| DATA EXTRACT |

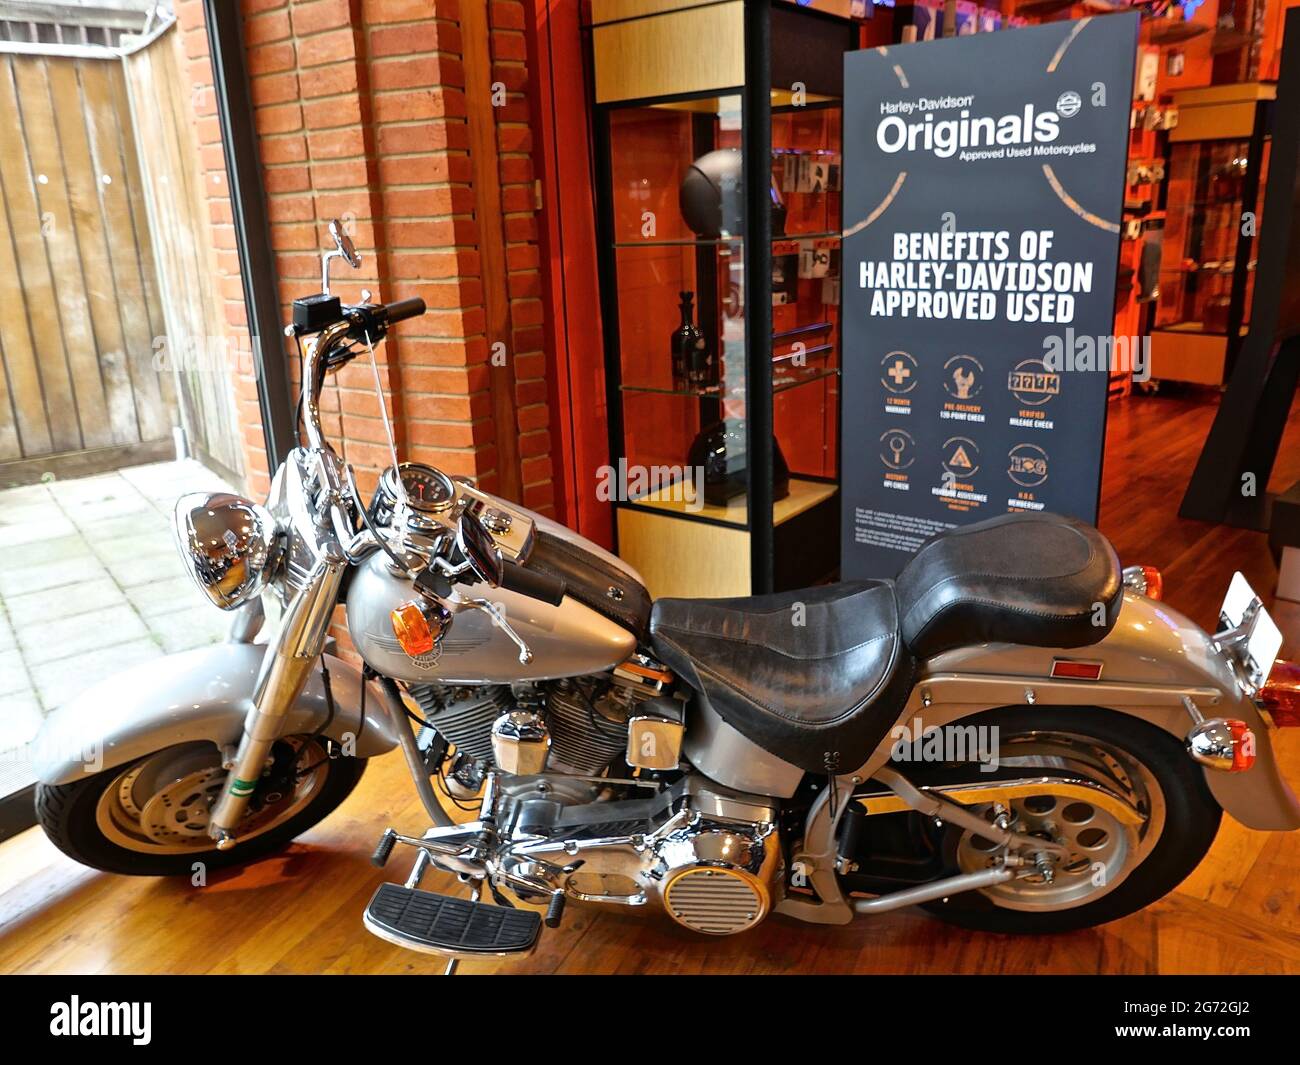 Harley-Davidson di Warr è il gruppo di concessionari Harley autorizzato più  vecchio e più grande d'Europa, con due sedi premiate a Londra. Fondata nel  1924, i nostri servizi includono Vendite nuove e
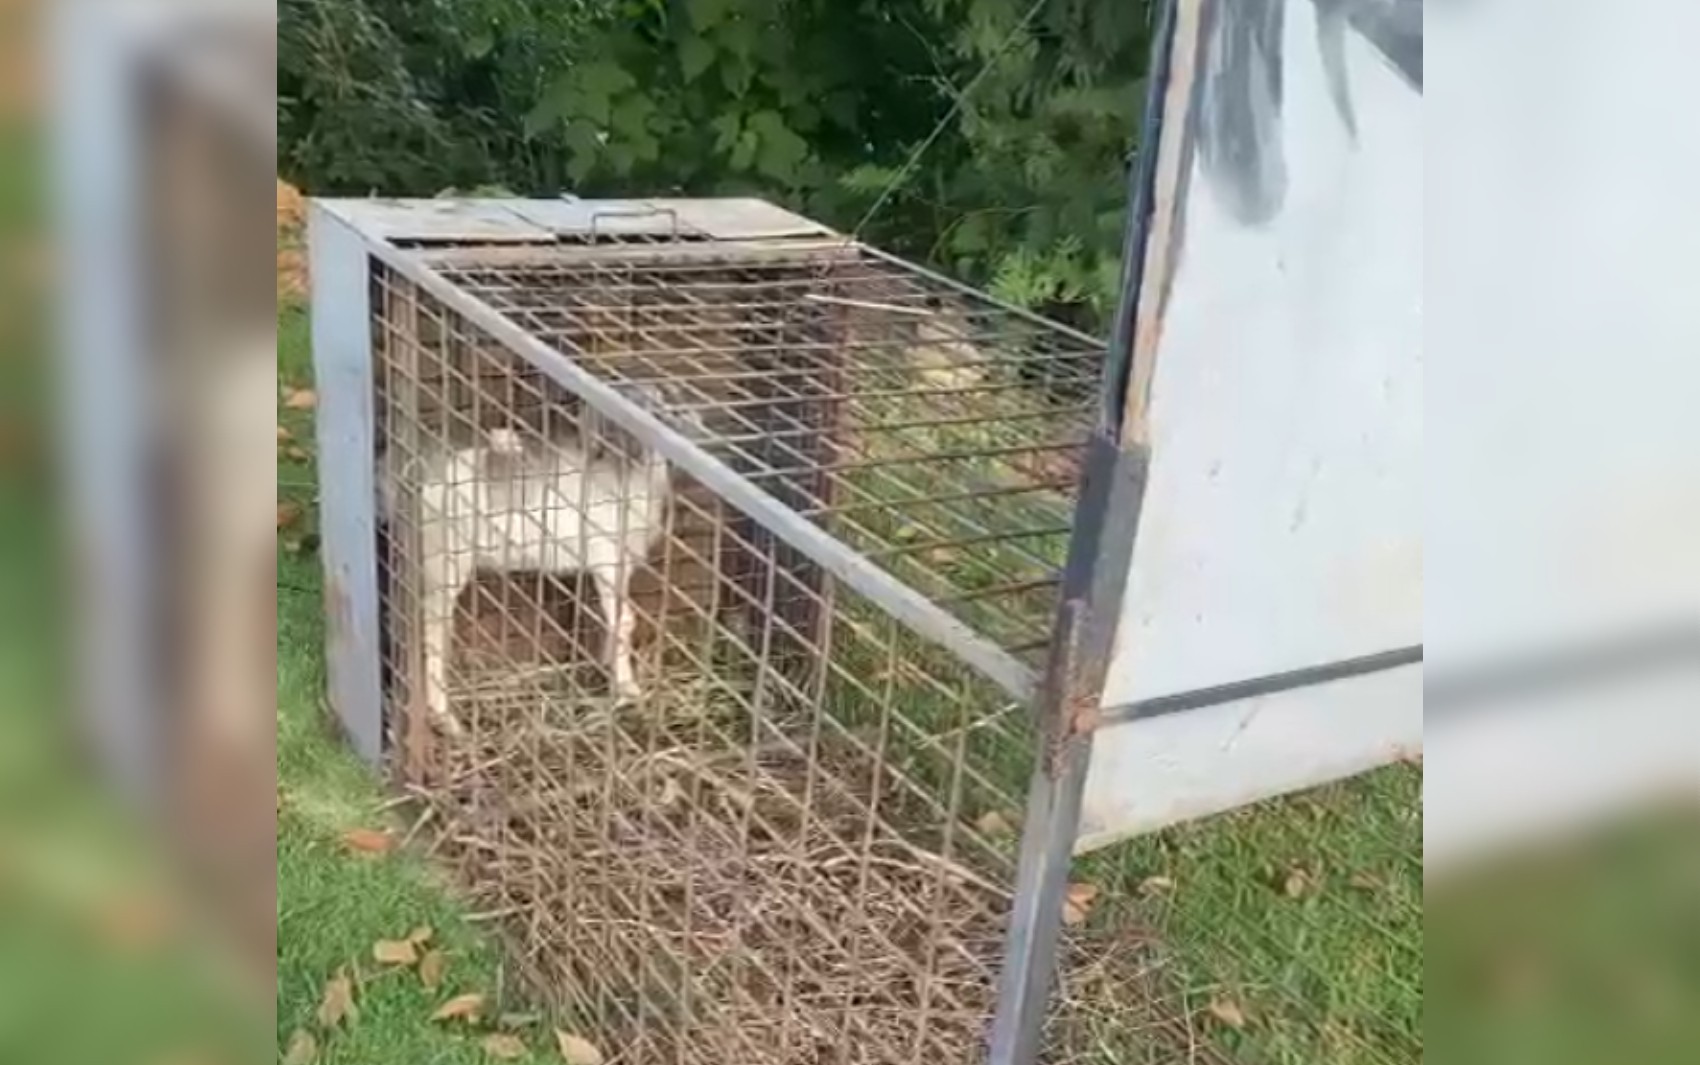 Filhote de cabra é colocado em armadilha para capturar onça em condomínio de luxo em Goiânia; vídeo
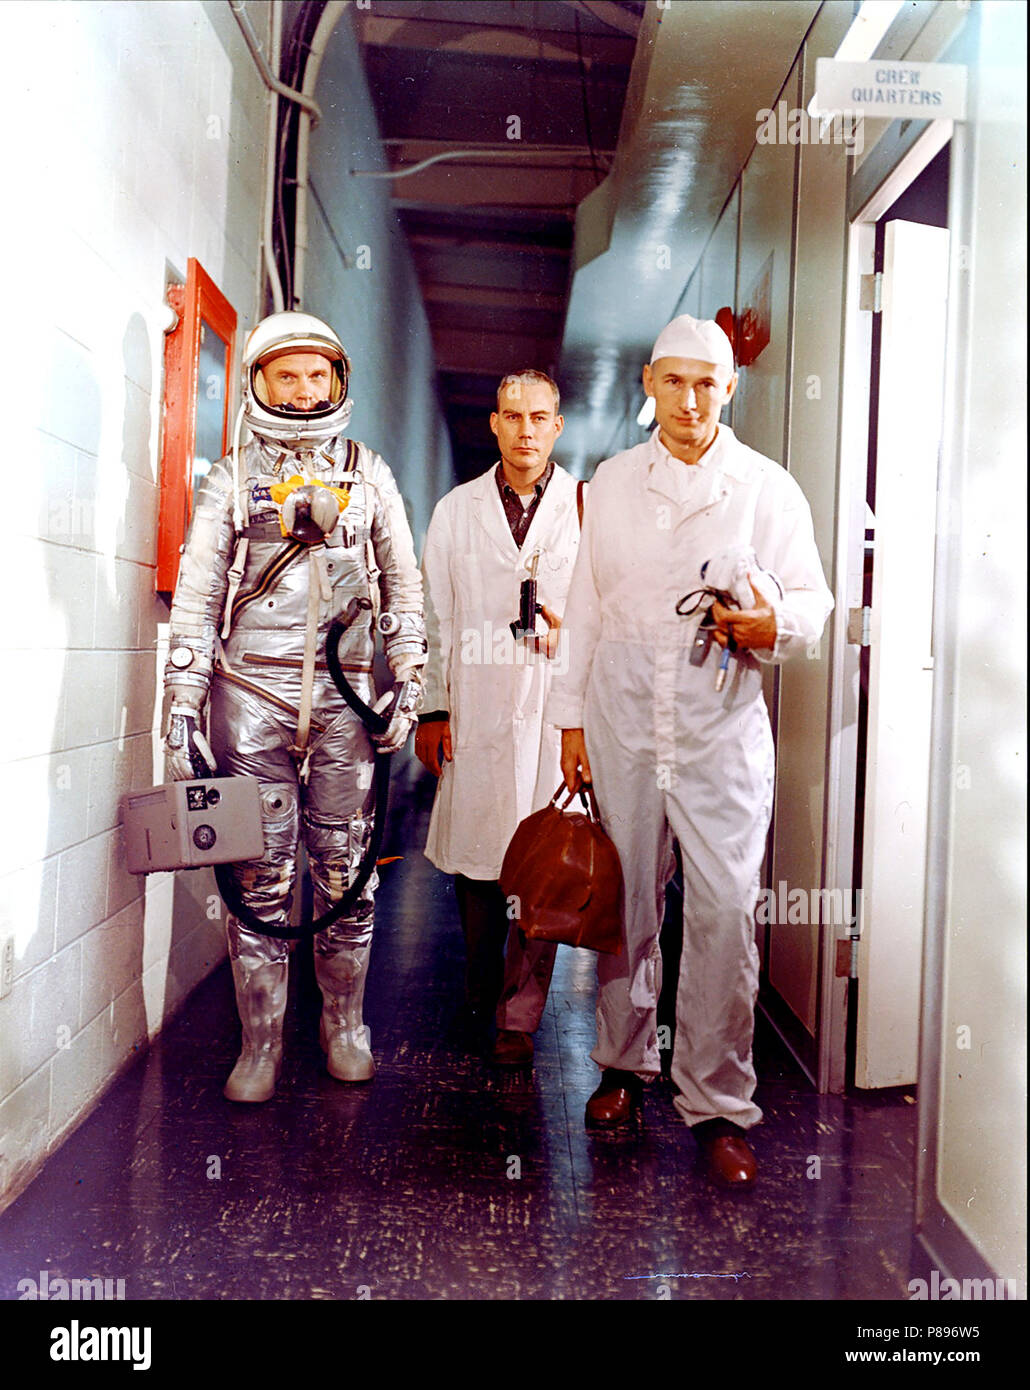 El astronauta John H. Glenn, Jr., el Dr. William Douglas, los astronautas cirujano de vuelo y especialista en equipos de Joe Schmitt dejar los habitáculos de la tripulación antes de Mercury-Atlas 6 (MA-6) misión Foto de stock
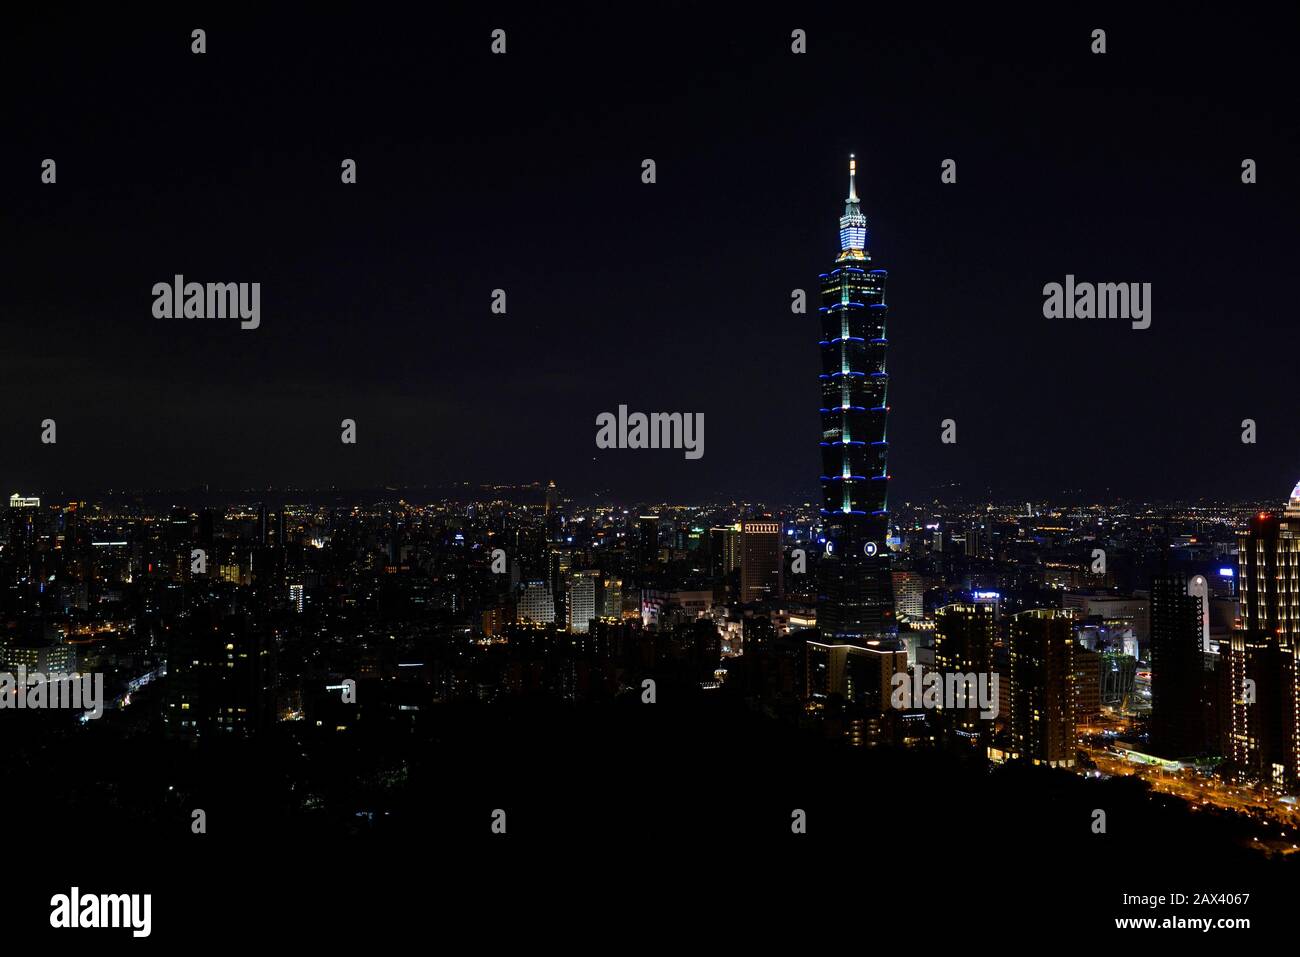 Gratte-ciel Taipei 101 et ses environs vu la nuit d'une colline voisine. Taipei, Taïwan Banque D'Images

| TASK OBJECTIVE |
Your answer must be an exact copy of the lines above, from the line that contains "El astronauta John" through the final line, with no pictures in it.

| TASK RESULT |
 El astronauta John H. Glenn, Jr., el Dr. William Douglas, los astronautas cirujano de vuelo y especialista en equipos de Joe Schmitt dejar los habitáculos de la tripulación antes de Mercury-Atlas 6 (MA-6) misión Foto de stock
 Gratte-ciel Taipei 101 et ses environs vu la nuit d'une colline voisine. Taipei, Taïwan Banque D'Images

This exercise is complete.